La mission de l’Esprit Saint, c’est d’être l’interprète du Christ qui nous révèle le Père. Que nous révèle-t-il sinon la manière d’aimer de Dieu ? Le don de l’Esprit Saint, c’est aussi l’invitation de s’aimer soi et d’aimer son prochain sur le mode divin. Pour ce passage du mode humain au mode divin pour plus d’humanité, l’Esprit Saint nous protège des forces de mort qui nous ferment sur nous-mêmes. L’Esprit Saint nous conduit, nous purifie sans cesse, notamment à travers les sacrements. Quelle est notre réponse ? la meilleure réponse, c’est d’accepter l’élan provoqué en nous par l’Esprit Saint pour sortir de soi à la rencontre de l’autre, décoller de soi par un certain renoncement. Quel renoncement ? C’est l’invitation à renoncer à soi pour l’autre, à renoncer à la puissance, à l’emprise, à tout ce qui peut écraser l’autre. Plus que cela : renoncer à ce que l’autre nous fasse du bien et tant mieux s’il nous en fait.

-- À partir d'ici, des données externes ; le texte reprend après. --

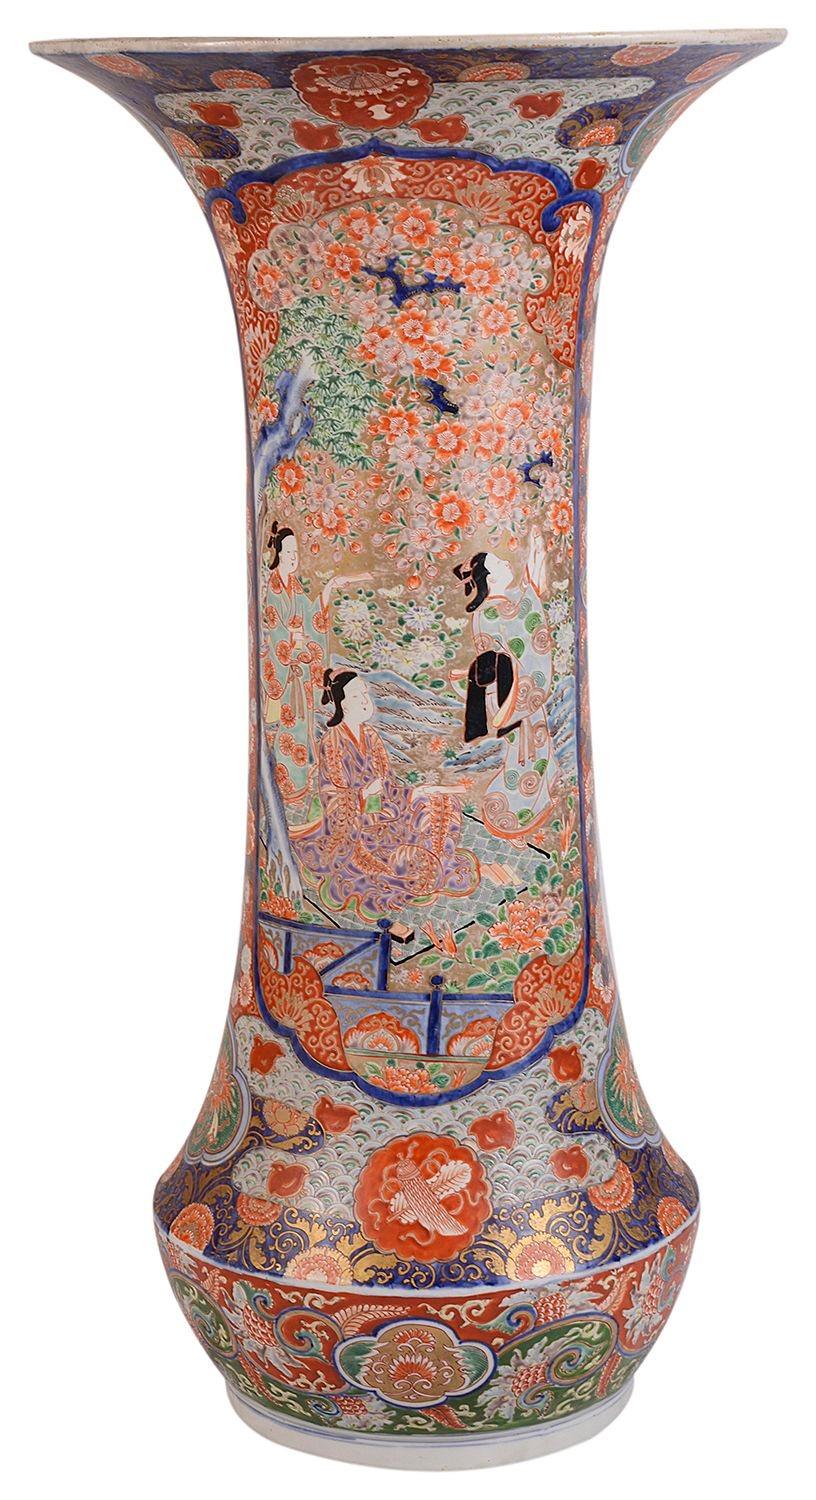 A very impressive fine quality late 19th Century Japanese Imari spill vase, having bold colouring to the motif patterned boarders, inset painted panels depicting Geisha birds among blossom trees.
 
 
Batch 72

Nous avons besoin d’une motivation, celle que Dieu nous donne mais pour cela, il nous faut entrer dans le mode divin, c’est à cela que nous sommes invités. Renoncer à soi pour recevoir de Dieu ce que nous sommes, jeter notre manque devant Dieu pour découvrir devant Lui qui nous sommes vraiment : des êtres capables d’aimer.
Nous sommes des êtres de louange capable d’aimer quand nous sommes centrés sur le Christ, ouvert à l’action de l’Esprit Saint, tourné vers le Père. Alors, nous nous pouvons devenir vraiment ce que nous sommes.